Summative Assessment and High-Stakes Testing
Summative assessment, such as paper-and-pencil tests, is an efficient and objective assessment approach that allows quick and reliable results. The goal of summative assessment is to evaluate student learning at the end of a specified period or event, such as at the end of an instructional unit. Summative assessment includes direct testing and may include the following question types: multiple-choice, matching, true or false, fill-in-the-blank, short answer, or a combination of these. Other examples of summative assessment include a final paper or a music recital. Although this approach can be informative, when used in isolation, it may not assess the development of the whole child.
Summative assessments are often high-stakes, which means that they have a high point value. Given the high point value, there can be significant consequences for students if they do not perform well. Although summative assessment practices can be less time-consuming than formative assessment methods, some children may learn to associate negative feelings such as fear with tests, which may lead to test anxiety. Therefore, teachers are encouraged to create friendly and low-stress environments when testing, such as playing relaxing music, giving tests fun names, and allowing children to participate in high-interest activities following tests.
When administering summative assessments, it is important to consider whether students need accommodations. Testing accommodations are changes to the regular testing environment and auxiliary aids and services that allow individuals with disabilities to demonstrate their knowledge (U.S. Department of Justice Civil Rights Division, n.d.). Examples of testing accommodations include extended time, testing in a distraction-free room, use of scribes, having the test read aloud when reading is not being assessed, and physical prompts such as redirection.
Judging the Quality and Utility of Assessments
Given that assessment instruments are used to inform instructional and diagnostic decisions, it is imperative that practitioners select quality instruments that demonstrate adequate psychometric properties. Reliability and validity are the two main psychometric properties.
Reliability is the ability to reproduce a result consistently. Three common forms of reliability include internal reliability, test/re-test reliability, and inter-rater reliability. Internal reliability assesses the consistency of scores across items within a test. Salvia, Ysseldyke, and Witmer (2017) recommended a minimum internal reliability standard of .80 when making screening decisions and a reliability standard of .90 when making diagnostic decisions. Test-retest reliability is obtained by administering the same test twice to the same individual over a period of time. Inter-rater reliability is used to assess the degree to which scores across items for different raters are similar. Inter-rater reliability is especially important when assessment involves observations of behavior, including rating scales, because observers may not interpret items the same way.

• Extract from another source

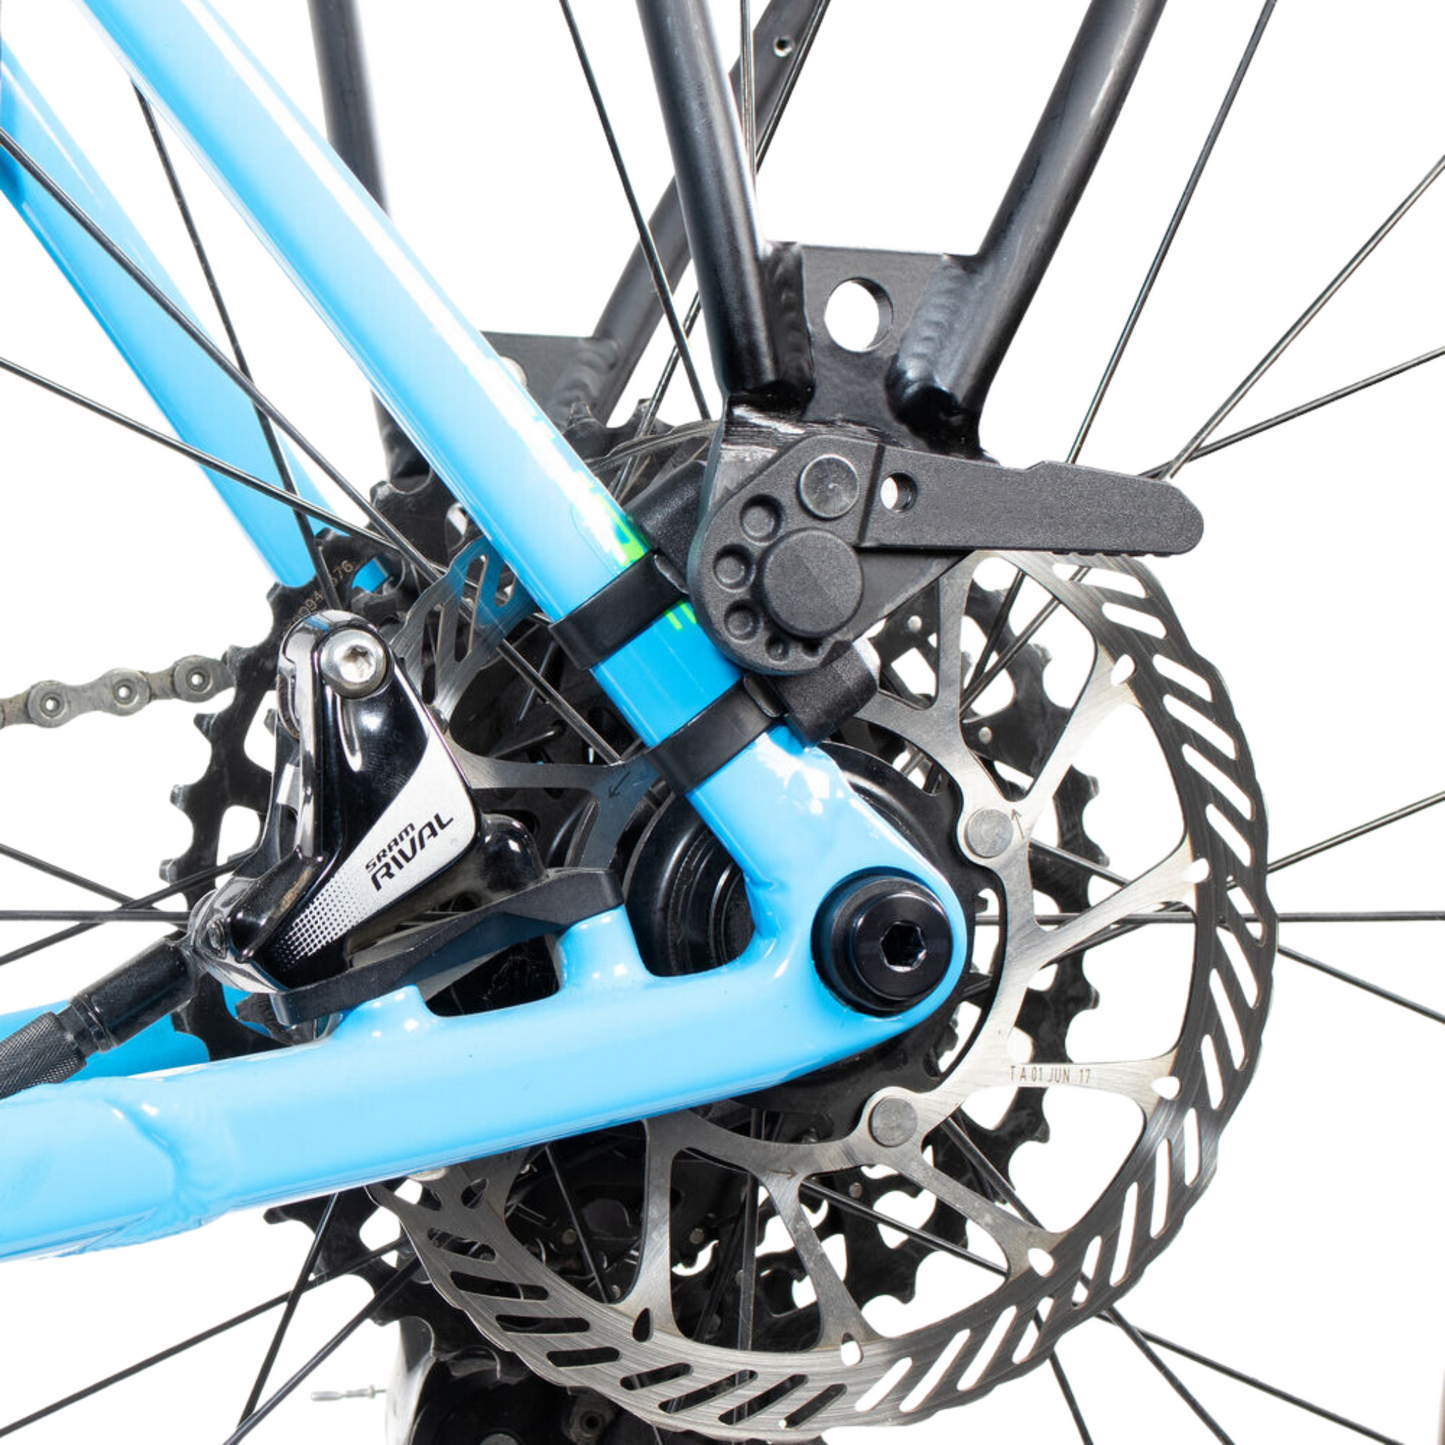 Quick-Rack Seat Stay Adapter

Validity encompasses the extent to which scores reflect what the test is designed to measure. The three main forms of validity include face validity, construct validity, and criterion-related validity. Face validity helps answer the question of whether the instrument appears to be assessing what it is designed to measure, and may include expert consensus. Construct validity assesses whether the instrument measures the construct it is designed to measure and not some other construct. For example, an assessment instrument designed to assess disruptive behavior should actually assess disruptive behavior and not reading skills or intelligence. Construct validity can be assessed by analyzing the relationship of scores between two or more assessment instruments (Messick, 1995). Messick (1995) suggested that both convergent and discriminant correlation patterns are important to investigate when exploring construct validity. Convergent patterns indicate a correspondence between measures of the same construct, whereas discriminant patterns indicate distinctness from measures of other constructs (Messick, 1995). Finally, criterion-related validity is used to predict current or future outcomes. Concurrent validity refers to a comparison of scores between the instrument and some outcome at the same time while predictive validity refers to a comparison of scores between the instrument and some later outcome.
When selecting quality instruments for both formative and summative assessment, it is insufficient to have adequate reliability, and test scores must also demonstrate adequate validity. When reviewing assessments, these properties may typically be found in the technical portion of the test manual. Additionally, the Mental Measurements Yearbook is a resource that includes test reviews, including measures of reliability and validity. By selecting quality tools, professionals may have confidence that the tools they are using are useful for obtaining information related to a specific area.